If I find some image references, I then use another HttpWebRequest
object to request for images and save
the images locally, using the FileStream object.

6. I then save the HTML text in the StringBuilder object as html file
locally using a FileStream object.

7. After all the 100 urls have been crawled, I clear the DataSet object
using DataSet.Clear(). Then retreive next 100 URLs
and the process continues. I use DataSet, because I have to set the
success or failure status for each URL record. I do that
by calling DataAdapter.Update() after all the 100 URLs have been
crawled.

The only objects that can take up memory is StringBuilder, HttpResponse,
FileStream. But these objects are created in the
function scope (i.e they are not members of my class), so they go out of
scope after Step 6 above. Also I call Close() on all
the objects that support this method.

During the process I noticed that the Gen 2 heap size just keeps growing.
What I don't understand is none of my class member
variables hold up that much memory (i.e they retain very little state
information), so why does Gen 2 heap size increases. The only objects that
can take up memory are the ones that are created at function scope and so
should be freed the next time GC kicks in.
And so they should't be part of the Gen 2 heap.

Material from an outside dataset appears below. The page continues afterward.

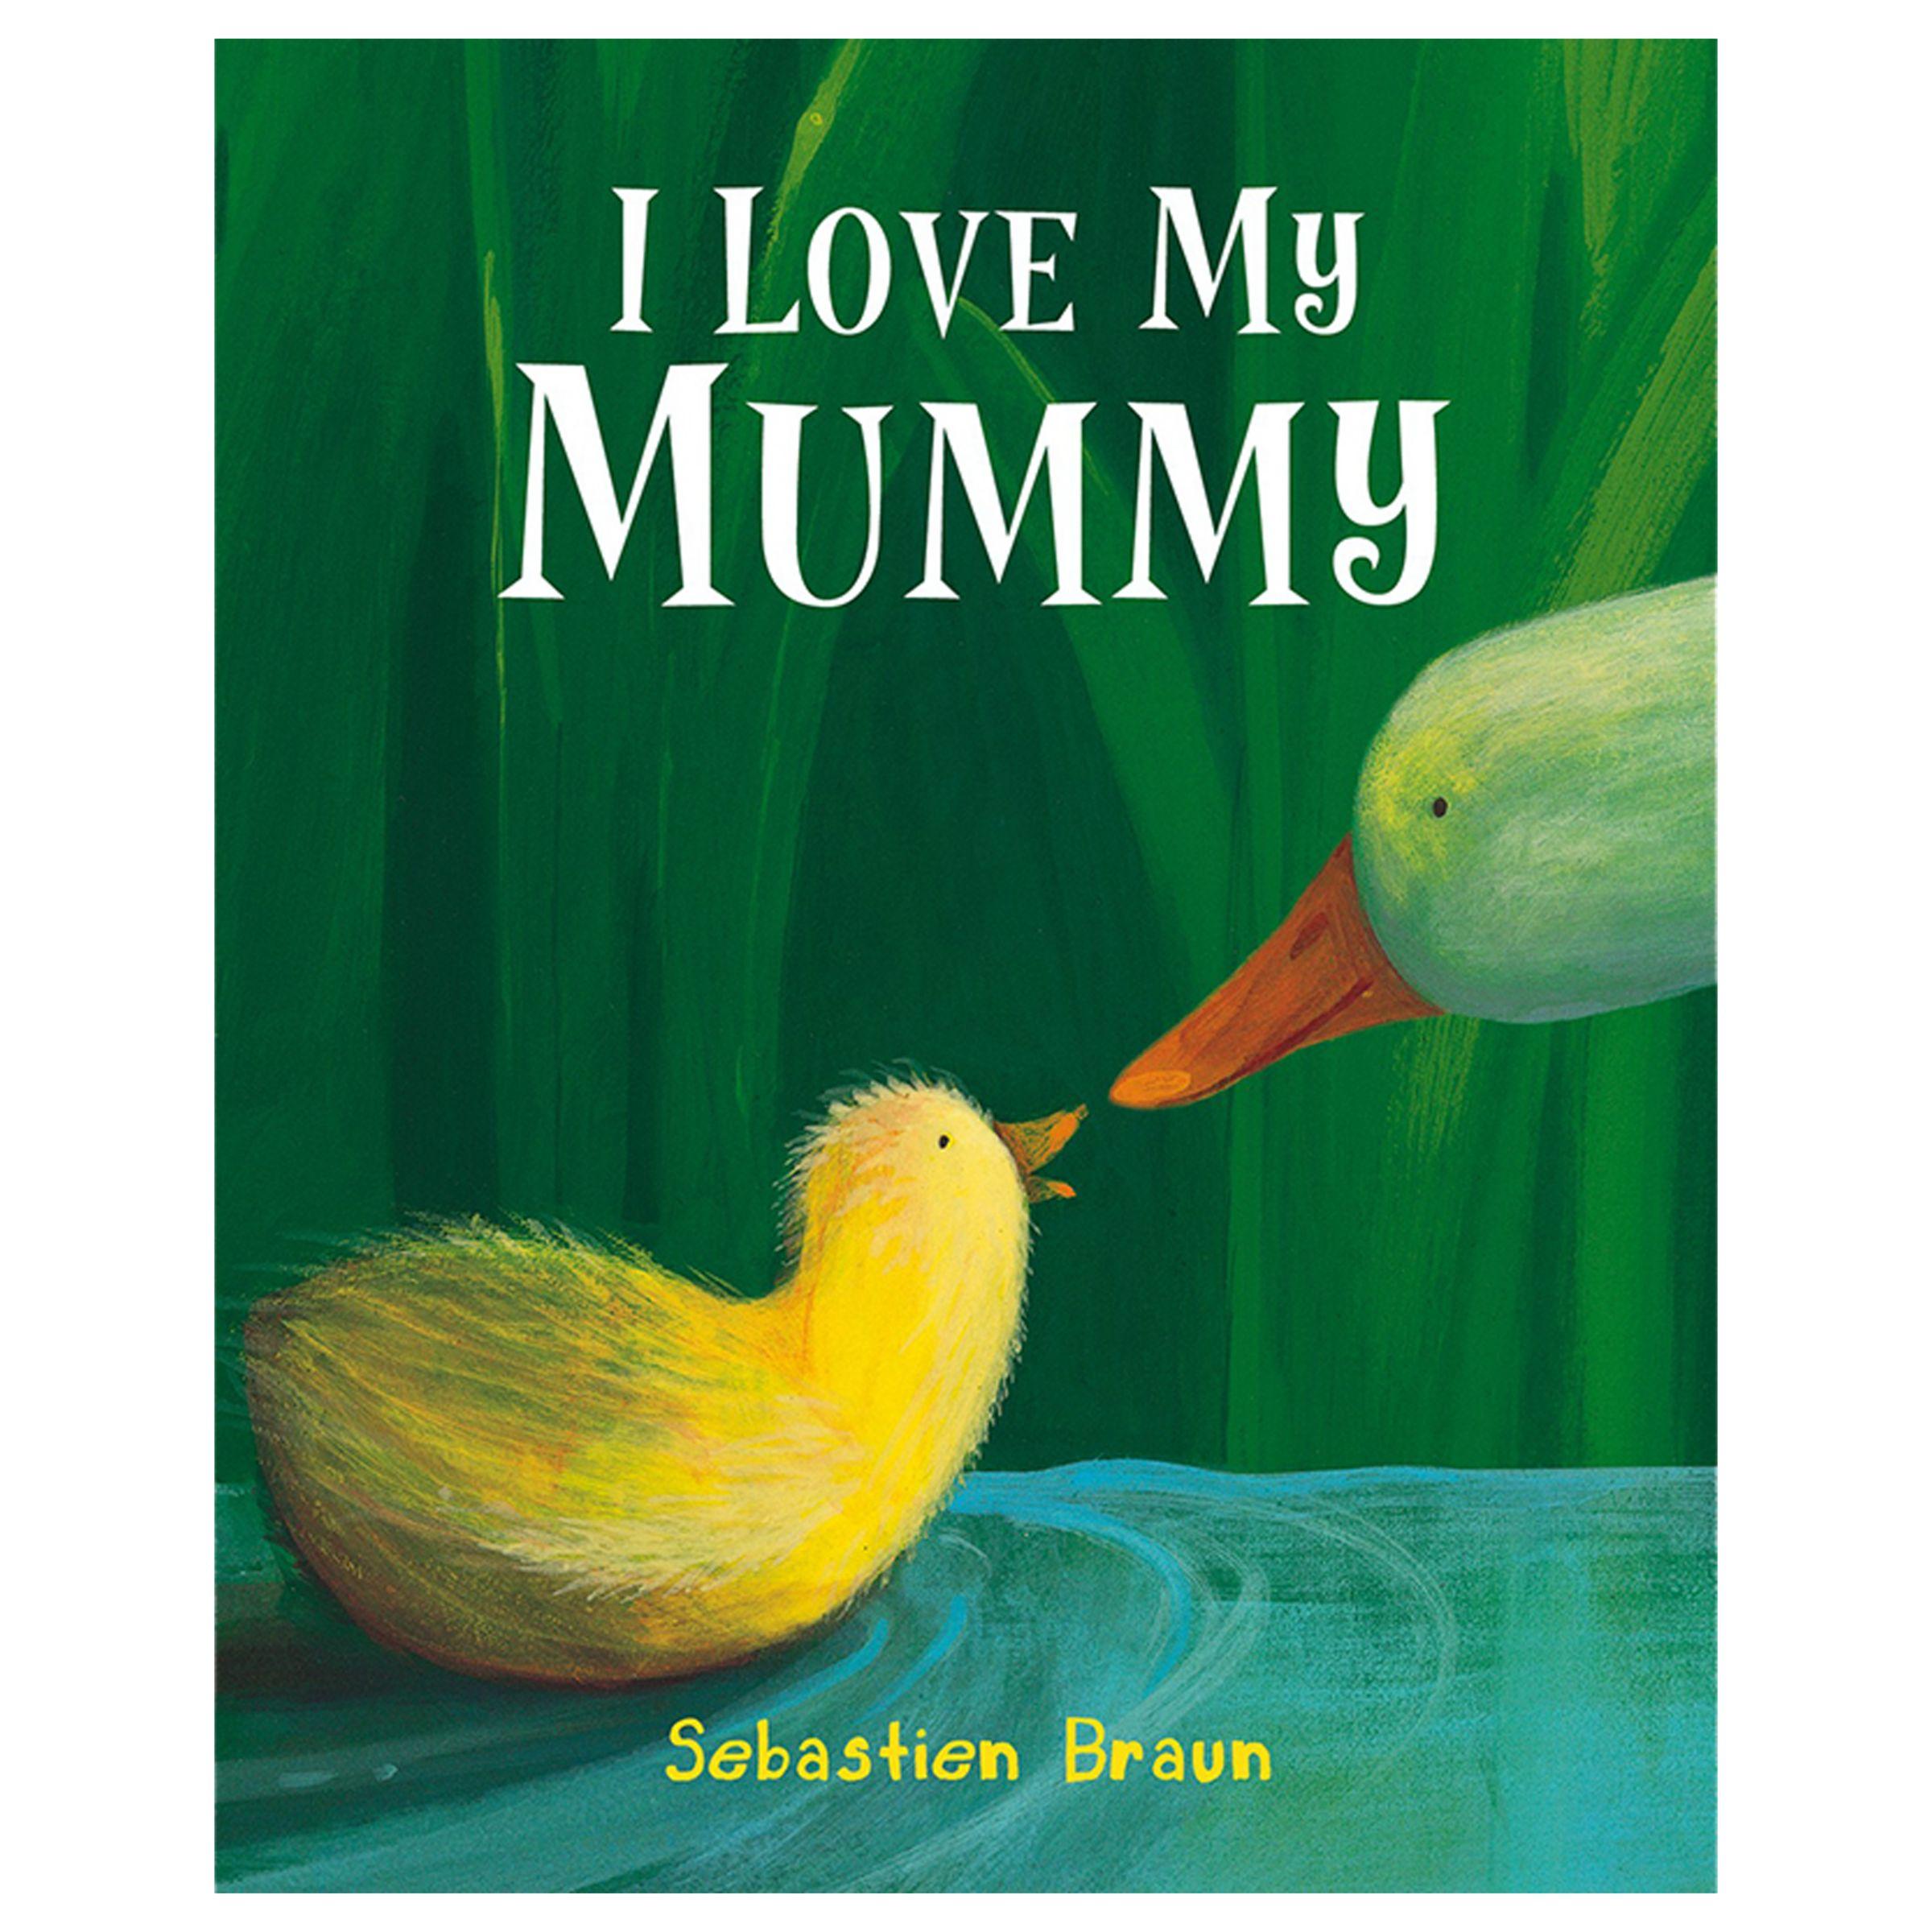 Children's Books I Love My Mummy Children's Book

I tried calling GC.Collect(), but with no success. Please let me know if you
want more details.

Thanks
Mahesh
http://www.gotdotnet.com/Community/UserSamples/Details.aspx?SampleGuid=36a3e
 
Hi Alvin,

I only posted the main portion of the code and stripped out the rest. All
the code is within a try-catch block and
I'm making sure that the stream and other objects are closed properly even
when exceptions are thrown.

Also in the GetPage() method, before I save the HTML text to a file, I pass
the sHTML string object to a methof
called "ParseHtmlForImages(ref sHtml)". I forgot to add that in my previous
post.

Thanks,
-Mahesh

Alvin Bruney said:
What conerns me about your code or at least the portion you have posted is
that it is not guarded. An exception at any point traps the buffer and all
your objects in memory. Same for your file stream object. At least use a
finally block to guard against resource leaks. Consider for example:

using(FileStream fs = new FileStream(localFilePath,FileMode.Create))
{

}

Constructs such as these provide a basic degree of protection against
leakage. Really, your code needs to be a lot more robust than this, I point
this out so that you will at least be pointed in the right direction.

--
Regards,
Alvin Bruney
Got tidbits? Get it here...
http://tinyurl.com/2bz4t
Mahesh Prasad said:
After running the profiler I found that most of the memory is taken up by
String and Byte[] objects.

I use the string object to read the html returned by the HttpWebResponse
object.

function GetPage(string URL)
{
HttpWebRequest req = (HttpWebRequest)WebRequest.Create(URL);
req.Timeout = 60000;
HttpWebResponse resp = (HttpWebResponse )req.GetResponse();
Stream stream = resp.GetResponseStream();
StreamReader sr = new StreamReader(stream);
string sHTML = sr.ReadToEnd();

// close the response stream
stream.Close();
resp.Close();
// close the reader stream
sr.Close();

// save the html file locally
StreamWriter sw = File.CreateText(localFilePath);
sw.Write(sHTML);
// close the reader and write streams
sw.Close();

}

And the Byte array is used to store the binary data from the response stream
and save it locally.

void SaveImage(string URL)
{
// Get Image from web server
HttpWebRequest req = (HttpWebRequest)WebRequest.Create(URL);
req.Timeout = 60000;
HttpWebResponse resp = (HttpWebResponse )req.GetResponse();
if(resp.StatusCode == HttpStatusCode.OK)
{
// save the image locally
SaveImagesLocally(ref resp);
}
resp.Close();

}

protected void SaveImageLocally(ref HttpWebResponse resp)
{
Stream stream = resp.GetResponseStream();
// This stream does not support seeking, so it cannot return length.
// so allocate enough memory to save the binary image data.
byte[] buffer = new Byte[10000];
int BytesToRead = (int)buffer.Length;
int BytesRead = 0;
int n = 0;
do
{
n = stream.Read(buffer,BytesRead,BytesToRead);
BytesToRead-=n;
BytesRead+= n;
}while(n>0);
stream.Close();
FileStream fs = new FileStream(localFilePath,FileMode.Create);
fs.Write(buffer,0,BytesRead);
fs.Close();
buffer = null; // making sure GC frees this memory

}



Mahesh Prasad said:
Hi HuangTM,

I'll try the profiler...but in the mean time I'll provide more info about
the application.
I can't share the code, but here's the basic logic is as follows...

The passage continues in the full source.